It’s a hot June day and Pennsylvania Human Services Secretary Teresa Miller is in a dark blue suit facing a flaming metal-and-masonry hearth in a Homewood parking lot. A group of culinary trainees from Hazelwood’s Community Kitchen are showing her how they make pizza in the oven, which was built by apprentice welders and masons.
Both of the non-profit organizations in this joint demonstration — Culinary Kitchen and the Trade Institute of Pittsburgh — provide tuition-free, 12- week workforce training to those facing employment challenges such as conviction records, lack of education or training, substance abuse, and/or family financial challenges. Both are funded by federal dollars and revenue generated through sales of goods and services performed by program trainees.
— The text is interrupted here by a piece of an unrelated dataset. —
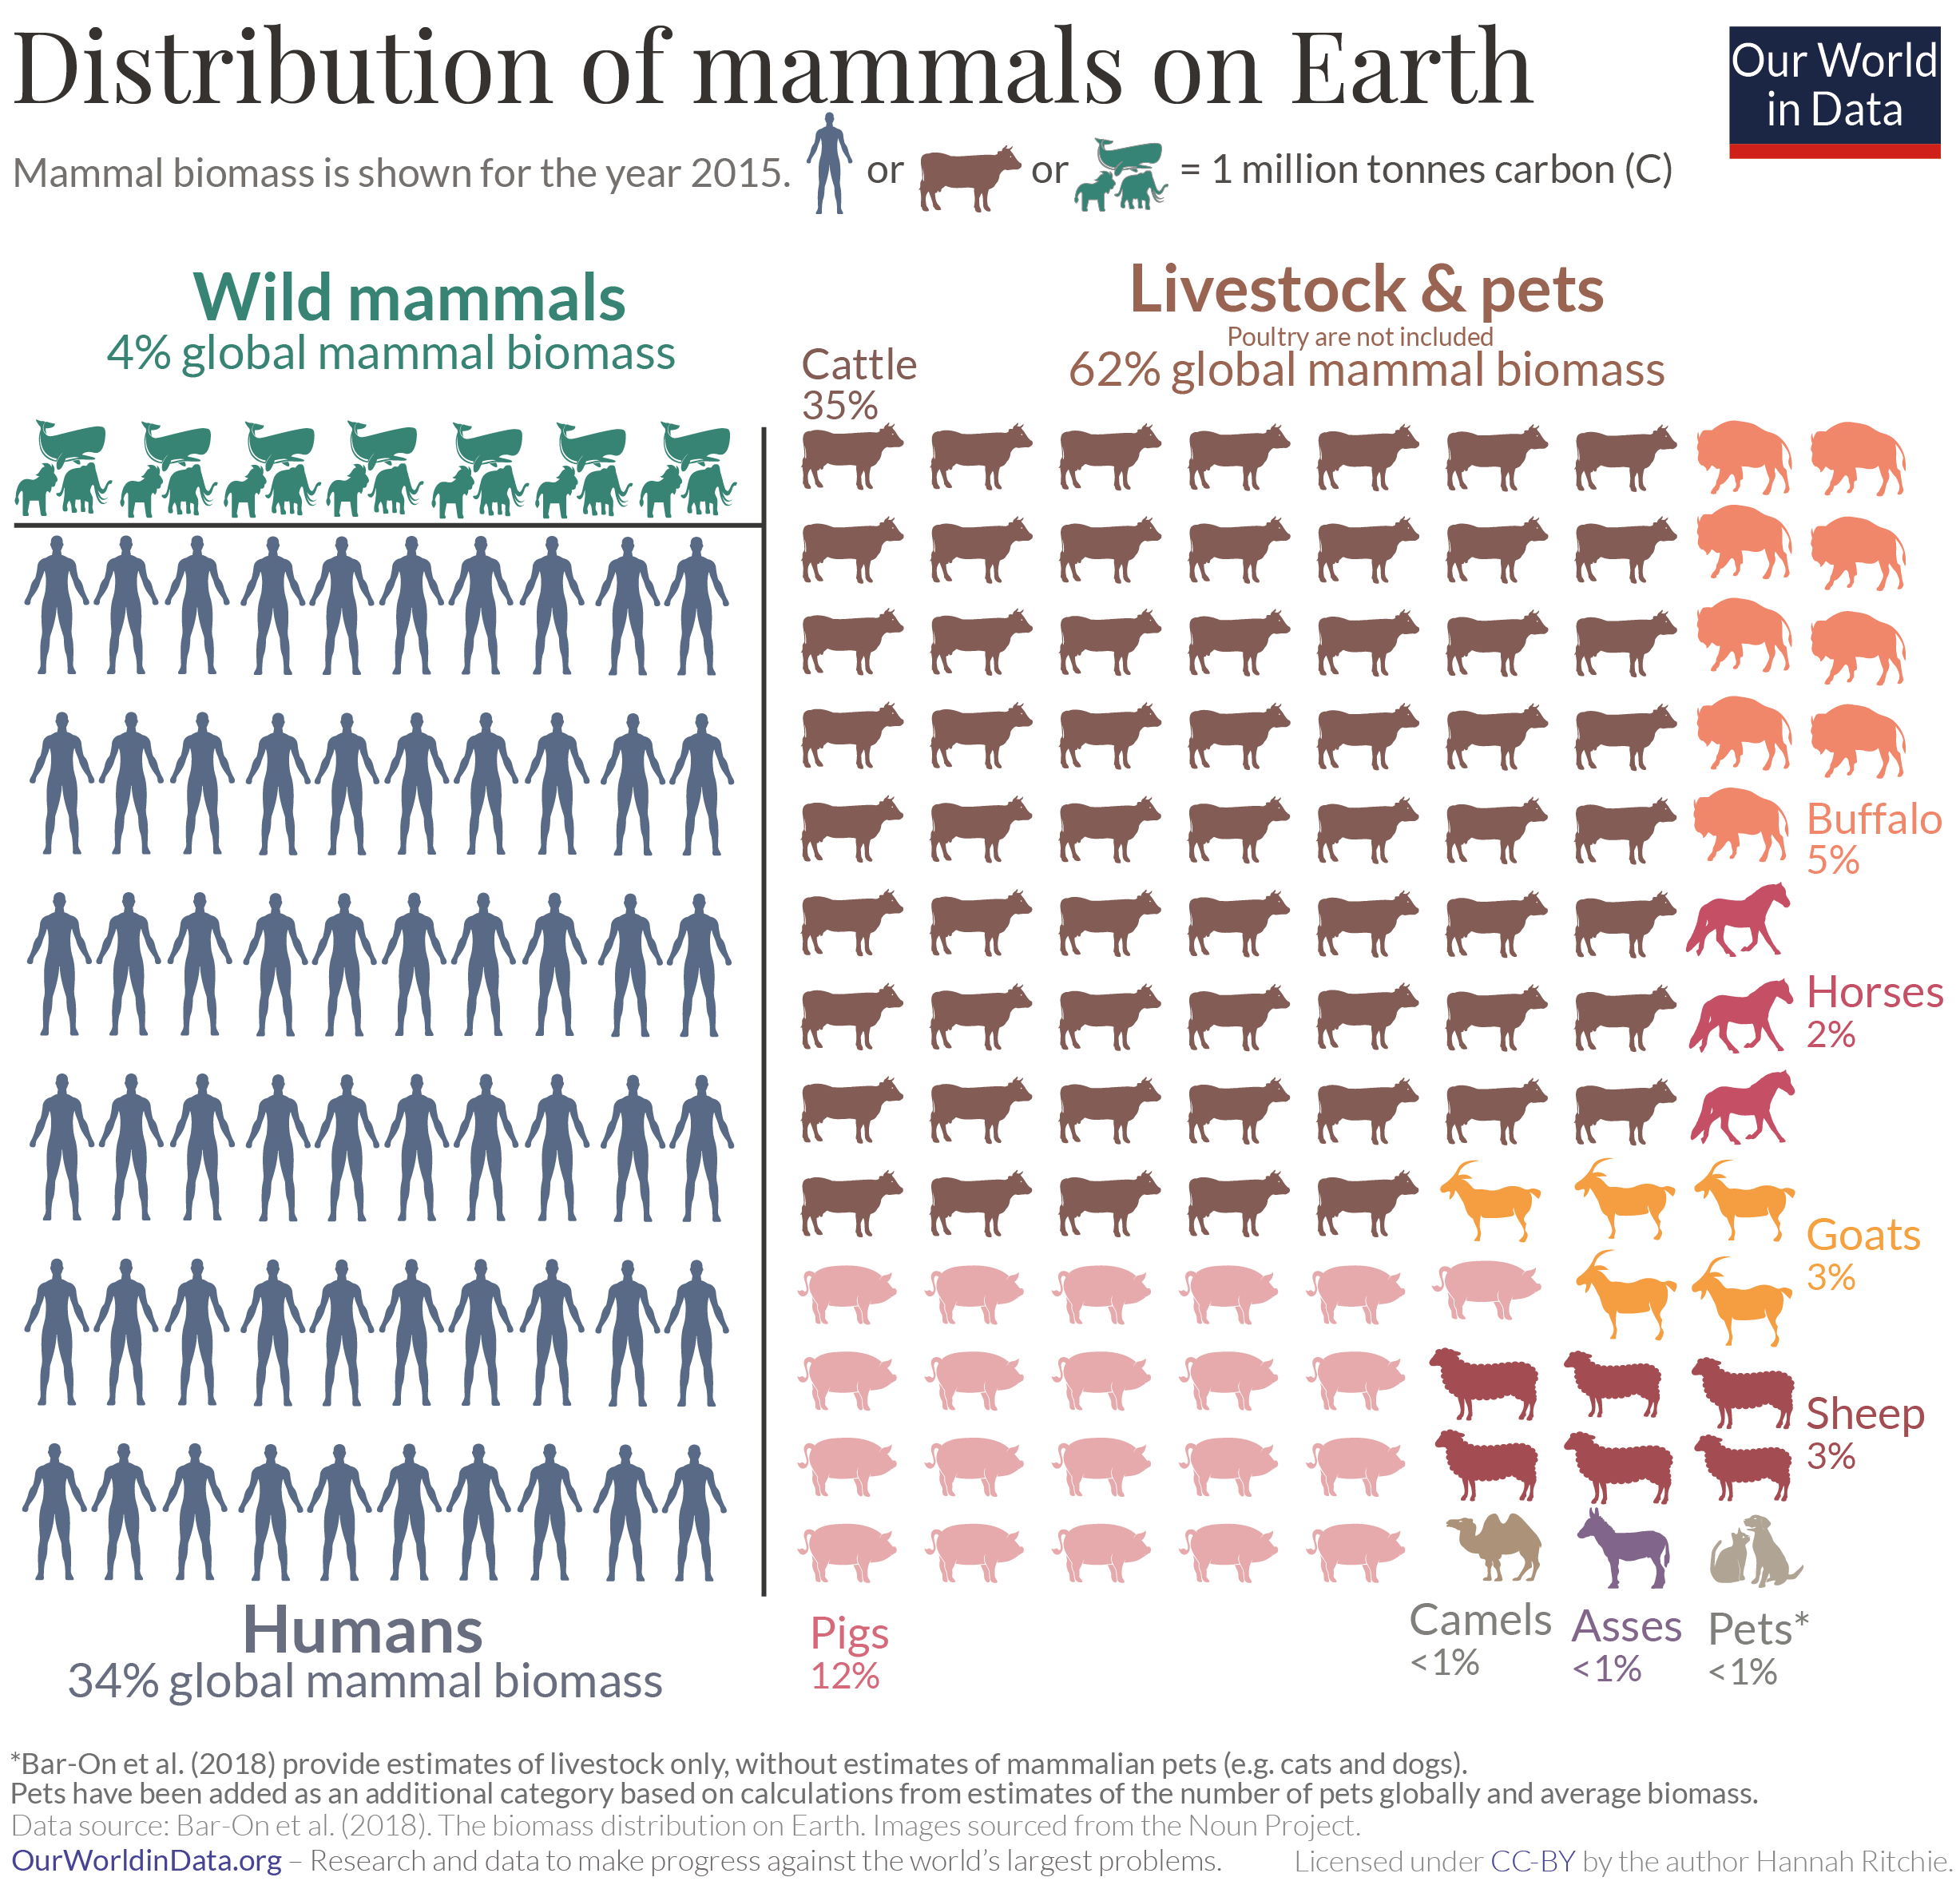 How many species of mammals are there in the world 2020?

And both, in Miller’s view, are “changing lives one person at a time and providing a really valuable service to the Commonwealth by helping the individuals that we serve to gain living wage jobs and, ultimately, transition off of public assistance.”
Community Kitchen occupies Hazelwood’s former G.C. Murphy Company store on Second Avenue, a few blocks from where the hulking exoskeleton of Jones & Laughlin Steel Mill 19 is being redeveloped into a light industrial and office complex.
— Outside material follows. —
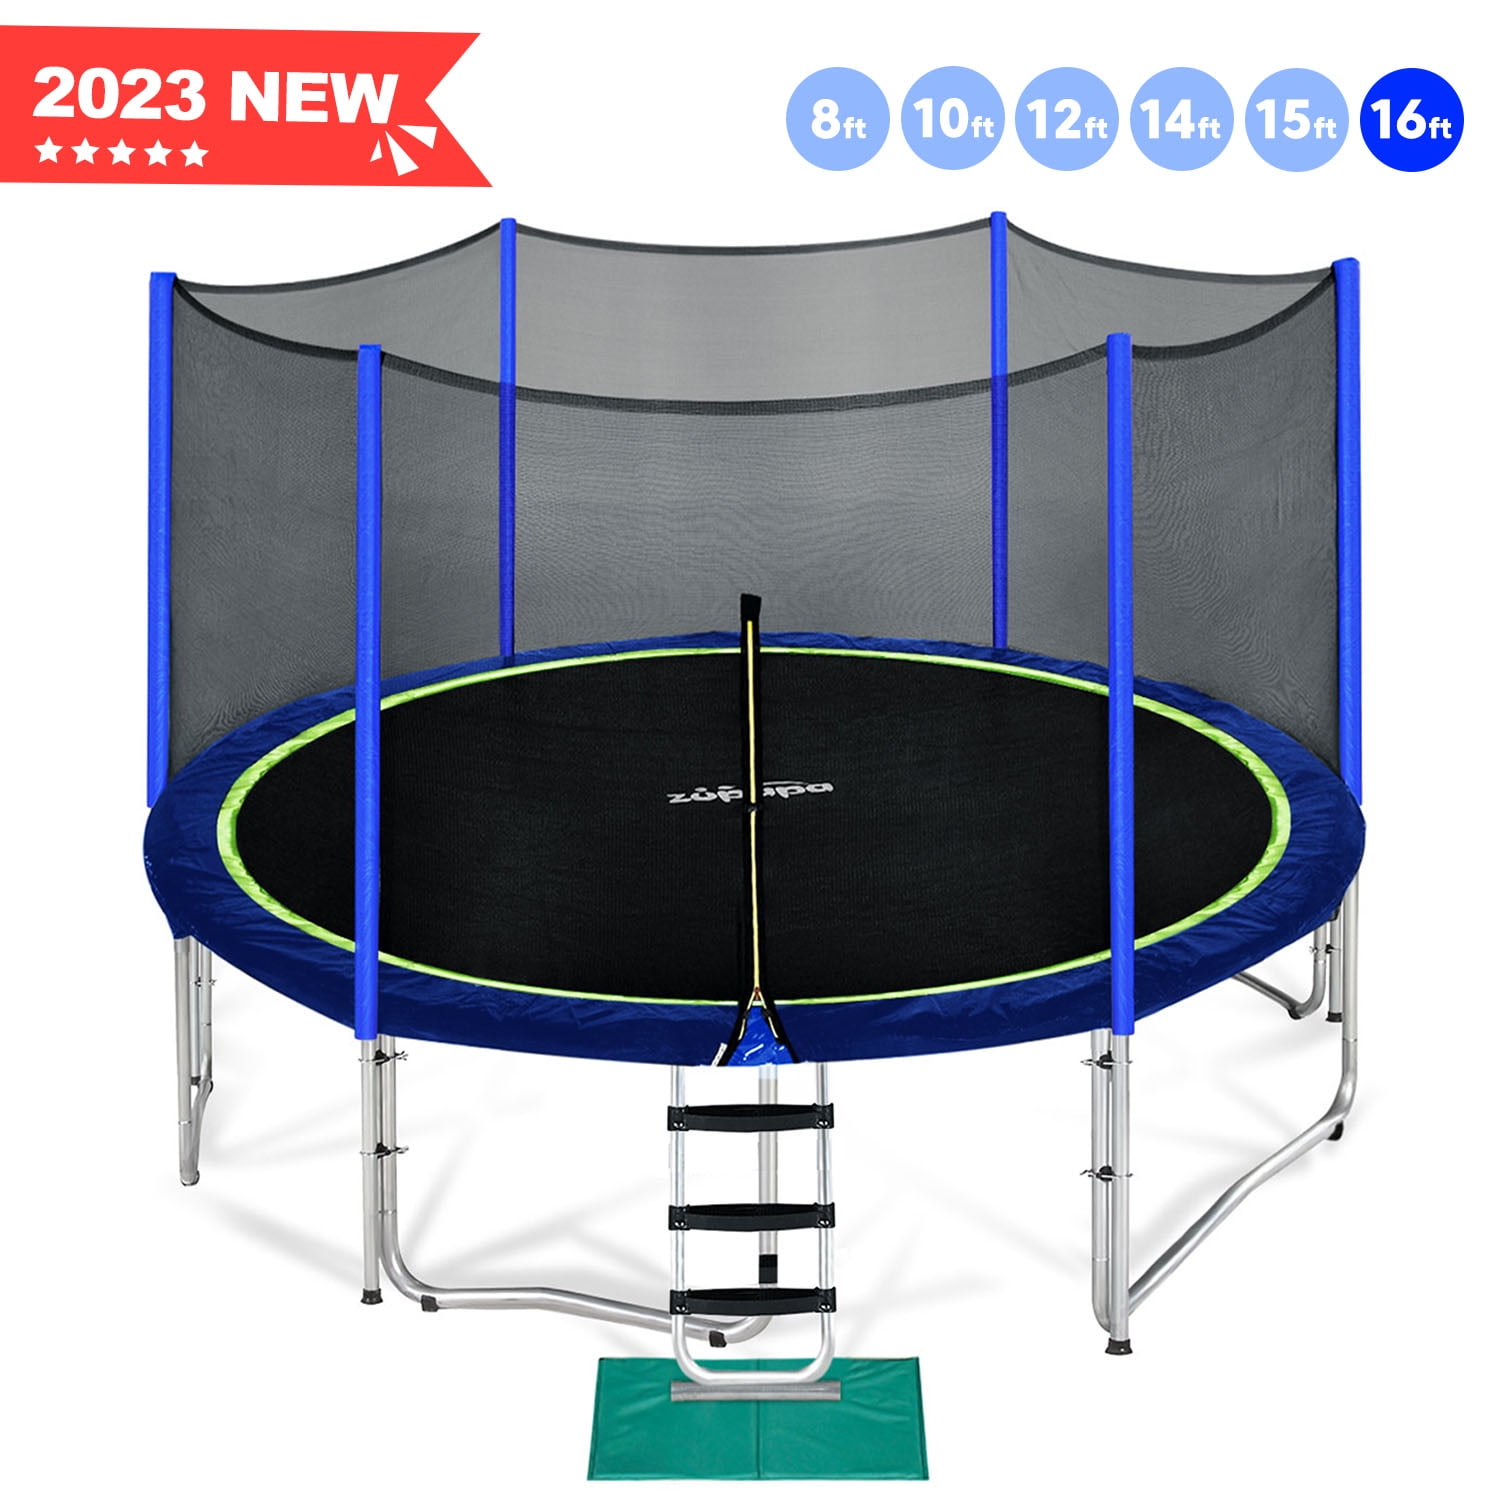 Zupapa No-Gap Design 16 15 14 12 10 8FT Trampoline for with Safety Net 425LBS Weight Capacity Outdoor Backyards Trampolines with Ladder for Children Adults Family - Walmart.com

Inside its new kitchens, culinary trainees help fulfill contracts for catering and school lunches. There’s also a pay-what-you-can “showcase lunch” for the public every Thursday, and a dinner series featuring guest chefs from local restaurants. Someday there will be a full-service café, which will resemble the country’s first enterprise of this type, Washington’s DC Central Kitchen, founded in 1989.
Community Kitchen founder and Executive Director Jen Flanagan saw a local need for its services in 2013.
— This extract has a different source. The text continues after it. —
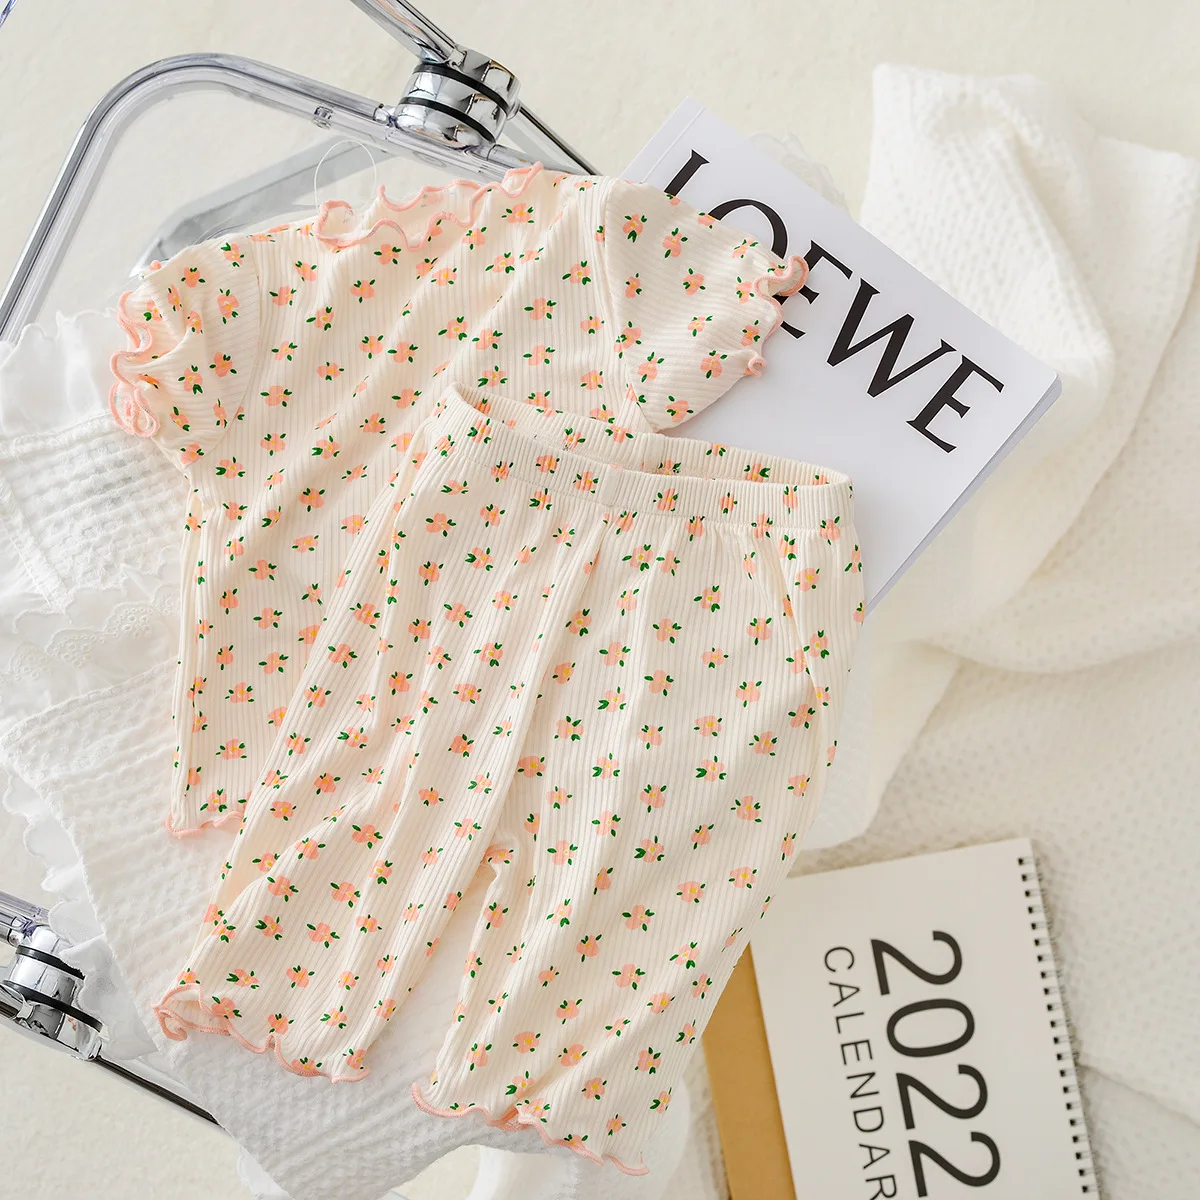 2022 Summer Baby Girls Clothes Set Kids Bear Strawberry Home Clothes Tops+shorts 2pcs Suit Children's Korean Clothing Suits baby girl cotton clothing set

“Food service is an industry with low barriers to entry, meaning no advanced degree is required, there are openings at various skill levels, there are a range of shifts, which can accommodate people with kids or other life situations; and it’s an industry in which merit- based advancement is often how people get promoted. You show up, you work hard, you can get a promotion.”
As a partner in the commonwealth’s Supplemental Nutrition Assistance Program, half of the $10,000 per- student cost for training is covered by federal funds and the rest is covered by Community Kitchen, a nonprofit. Cost is calculated to include staff time, earning materials (including culinary knife kits, shoes, and bus passes) and follow-up services like job placement and retention counseling.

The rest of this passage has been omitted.